It seems like this would also solve the problem of edge cases. When you are testing, you usually test the happy path. You assume the user will enter a valid name, click save, and move on. But an A-I agent can be told to be a bit chaotic. It can try to enter ten thousand characters into a text field, or click the back button in the middle of a database transaction, or try to upload a P-D-F where an image is expected.

And it does it systematically. That is the key. A human might try a few weird things, but an agent can exhaustively test every combination of inputs. There is a concept called Agentic Behavior Optimization that we talked about back in episode seven hundred and fifty three, and this is a direct application of that. You are optimizing the U-I by observing how an autonomous agent navigates it. It is essentially a feedback loop where the A-I finds the friction, and in some advanced setups, the A-I even proposes the code fix to remove that friction.

Wait, so the A-I could actually suggest the layout change?

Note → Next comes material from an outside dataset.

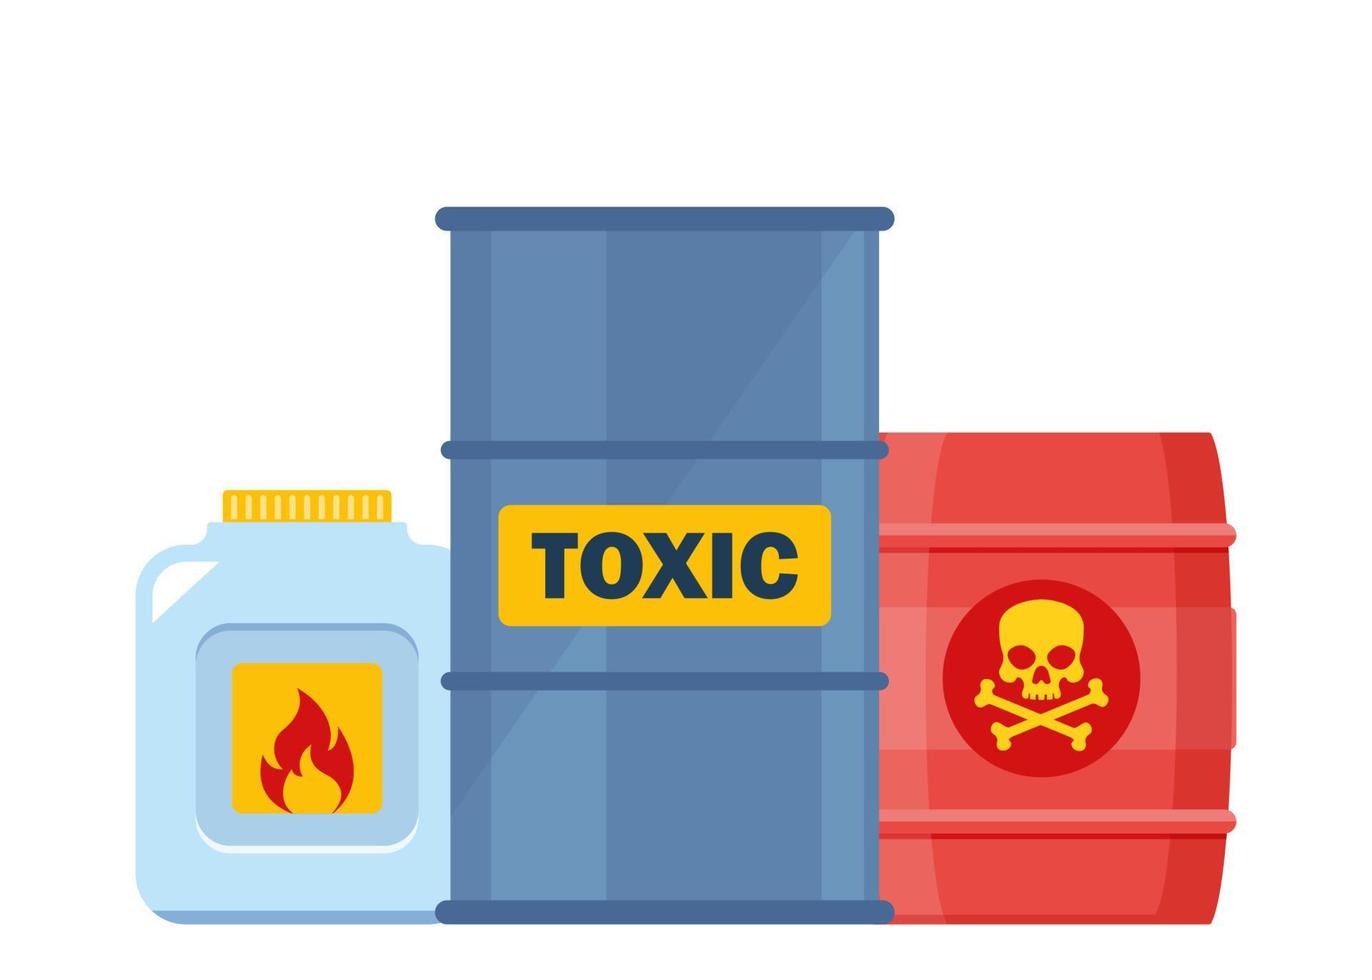 uppsättning av behållare med toxisk och kemisk ämnen. farlig toxisk, biologisk fara, radioaktiv, brandfarlig ämnen. vektor illustration.

Like, move this button to the top right because the agent kept missing it?

Yes, we are seeing that in some of the more experimental dev tools this year. The agent says, I failed to find the checkout button three times because it was below the fold on a mobile screen. Recommendation: Move the checkout button to a sticky footer. It can even generate the C-S-S for you.

I am curious about the feedback loop for the developer. If Daniel uses a tool like this on his inventory system, does he just get a big P-D-F report that he has to slog through, or is it more interactive?

The best tools now are giving you a visual replay of the agent's session, overlaid with its thought process. You can actually see the screenshot the agent took, see the bounding boxes it drew around elements, and read a little thought bubble that says, I wanted to find the storage I-D, but I only see a generic label, so I am clicking the edit button to see if it is hidden there. It is incredibly illuminating because you realize, oh, my navigation is not as intuitive as I thought it was. It is like watching a video of a user test, but you can see inside the user's brain.

It is almost like a heat map of confusion. Instead of a heat map of where people click, it is a heat map of where the A-I had to pause and think.

That is a great way to put it. It shows you the hotspots where the agent spent the most time processing or where it had to backtrack. If the agent takes five steps to do something that should take two, you have a friction point. And as Daniel mentioned, this is all happening before the product’s initial release. You are catching these things in the lab, not in production when a customer is already annoyed.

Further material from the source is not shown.